Miss K.’s opposite is Sun Hi, another character that hops off the page—a bubblegum smacking twenty-something translator who, as far as her elders are concerned, asks too many questions about the west. One of Broinowski’s collaborators, film composer, Comrade Pei, embraces the chance to work with a foreigner, shedding the guarded interest worn by most of his colleagues. Comarde Pak, Kim Jung-Il’s favorite filmmaker, is standoffish at first, but gradually comes to mentor Broinowski. Through him and the others it becomes clear that two years into the reign of Kim Jung-Un, the new Supreme Leader does not share his father’s enthusiasm for movies.
At Pyongyang Studio, Broinowski tours the back lot and pitches veterans of the industry on her short film called “The Garden,” which will use their cinematic techniques to convey a political message about protecting Sydney Park from energy developers. Needless to say, the veteran filmmakers are intrigued enough by the strange proposal to give her the green light. Not only will they consult with her in pre-production but also will allow her to film them at work for her documentary.

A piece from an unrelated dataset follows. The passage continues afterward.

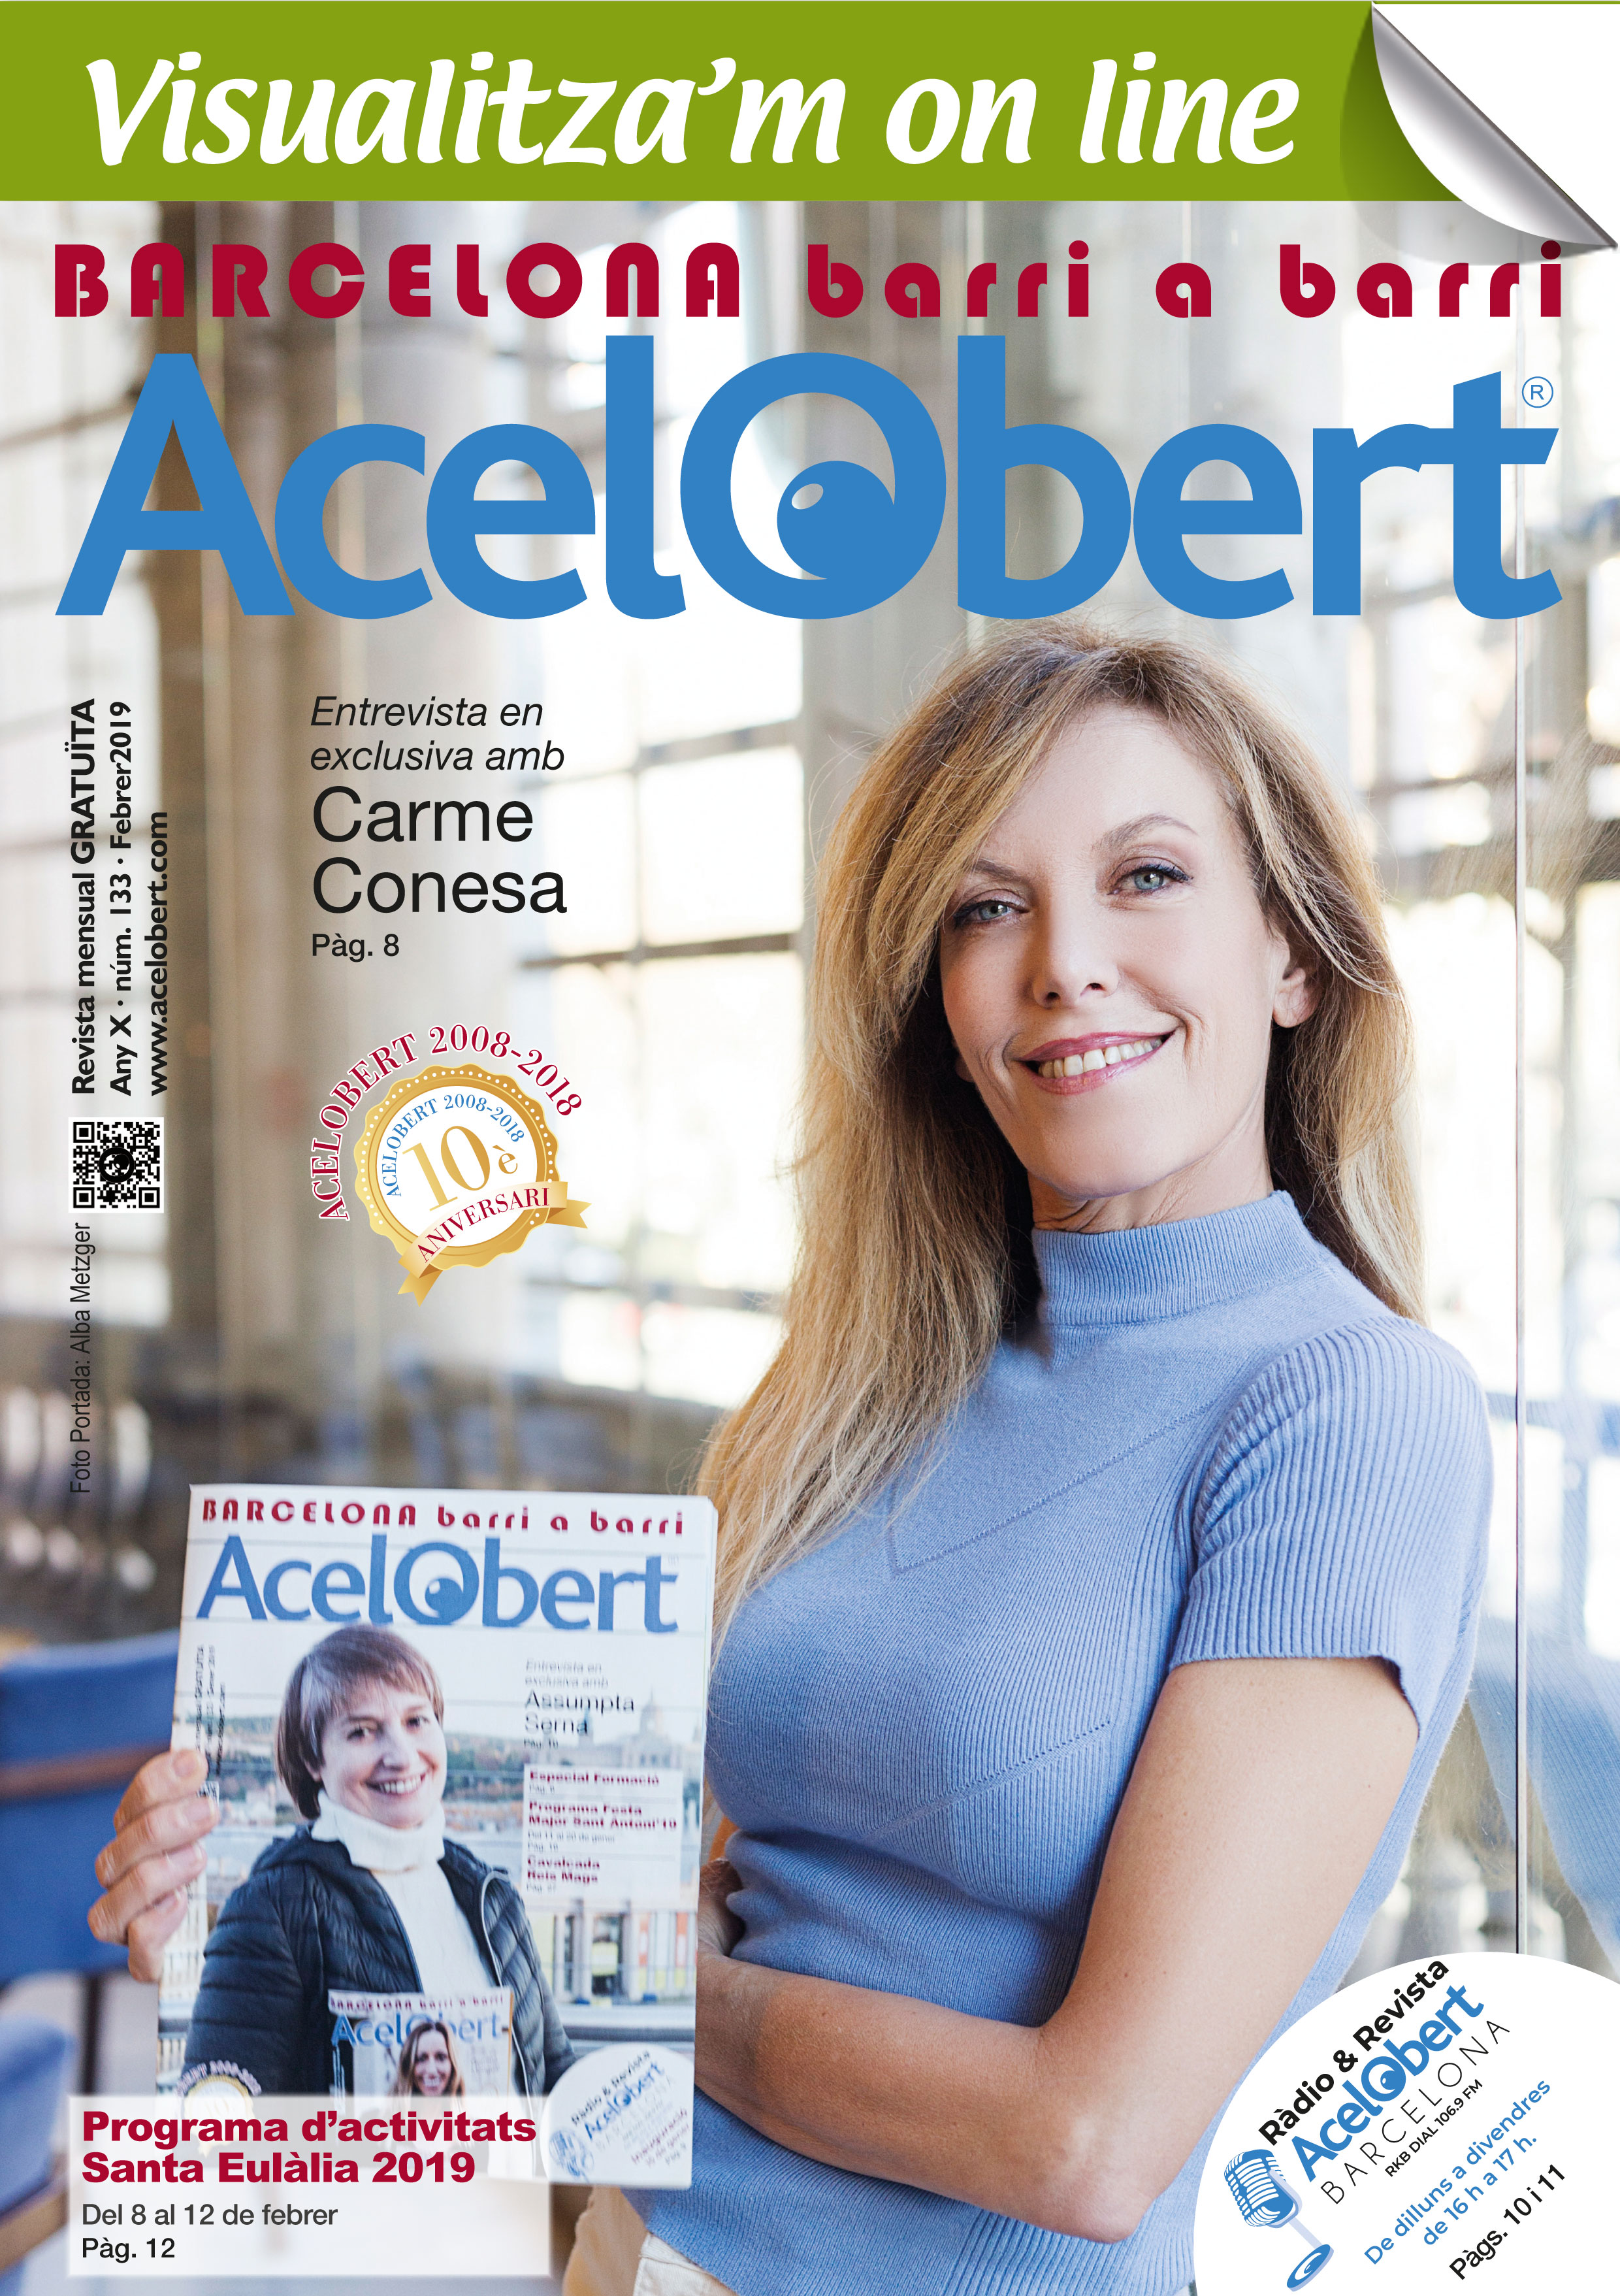 Acelobert Barcelona nº 133 FEBRER 2019

While shooting at the U.S.S. Pueblo, an American spy ship captured in 1968 and held as a symbol of country’s dominance over the U.S., Broinowski is recruited into playing the wife of an evil American portrayed by an actor named Dresnok, son of James Joseph Dresnok, an American defector from the 1960s. A G.I. who hoped to escape punishment for misdemeanors in South Korea, he wound up staying in the North and becoming a famous movie bad guy instead. Today, his sons carry on the family tradition.

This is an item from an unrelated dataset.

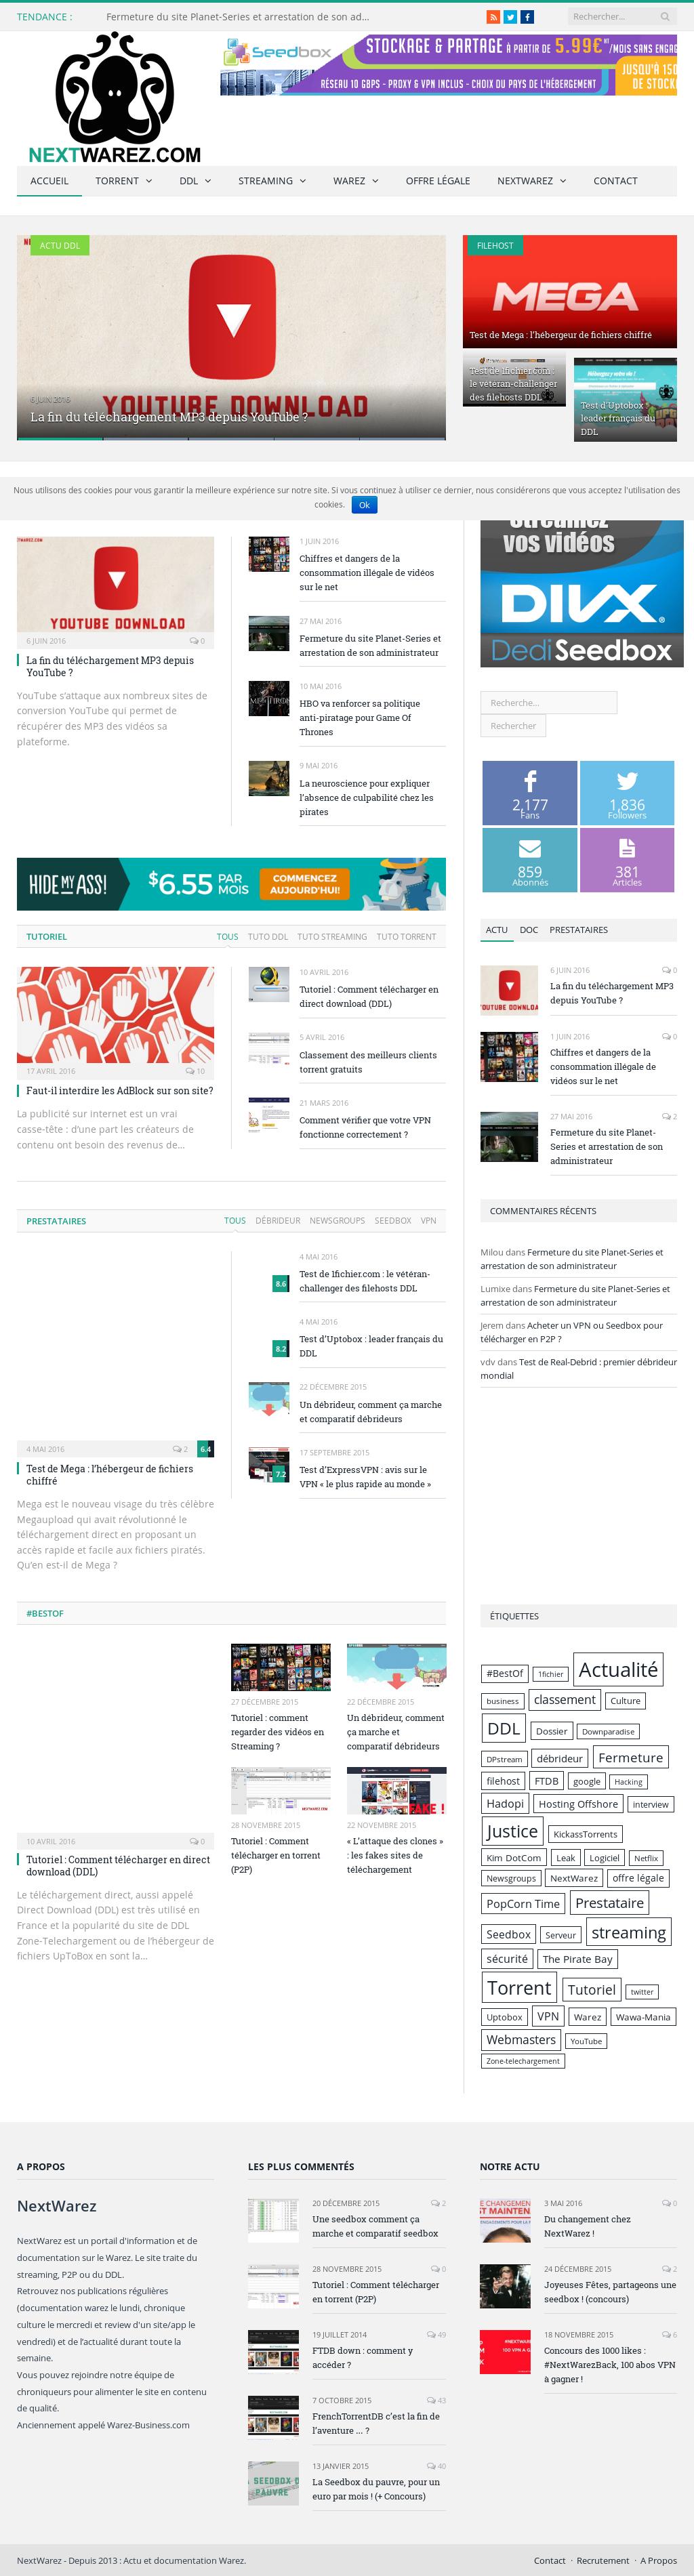 Nextwarez Competitors, Revenue and Employees - Owler Company

“Filmmakers are family” is a sentiment expressed early in “Aim High,” suggesting a people united not buy language or politics, but something deeper. A feeling of kinship streams through the book, forming a powerful, albeit fleeting, bond. Returning to the hotel after a final celebration, Broinowski’s shuttle turns down previously untraveled roads to places hidden away from the staged backdrops along the usual path. As she implores her new friends to join her at the hotel for a drink, one by one they are dropped off; the first near a dark and deserted cul-de-sac tenement with broken windows, another, Comrade Pak, by a stretch of dirt and barbed wire, broken down buildings in the distance. “When will I ever see you again?” he asks her, his voice shaking. But they both know the answer.
Kim Jung-Un has imprisoned over 200,000 of his people since assuming power in 2011, including U.S. student Otto Warmbler who was sentenced to 15 years hard labor last March for stealing a propaganda poster. Obama responded with new economic sanctions, but it didn’t stop North Korea from conducting nuclear tests in September, drawing worldwide condemnation. The situation is further destabilized by Trump suggesting Japan and South Korea develop nuclear weapons to counter the North.

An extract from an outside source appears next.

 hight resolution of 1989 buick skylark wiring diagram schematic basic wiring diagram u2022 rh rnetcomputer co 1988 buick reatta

Toward the end of the book, during a trip to the DMZ, Broinowski is surprised to find a Garden of Eden, an accidental nature preserve in the most heavily guarded strip of land on Earth. “Ma’am, just as you and I can stand here smiling at each other, I hope we can forge a new peace between our countries,” a young guard tells her. It’s a deceptively complicated sentiment. What about the old peace? Are Australia and North Korea at war? It illustrates that no matter how warm the words, the gap remains enormous. And while no one book or movie can span it, just by putting a face to the place, “Aim High in Creation!” offers a step in the right direction.
Aim High in Creation! By Anna Broinowski.
The Director is the Commander by Anna Broinowski – the book about making Aim High in Creation!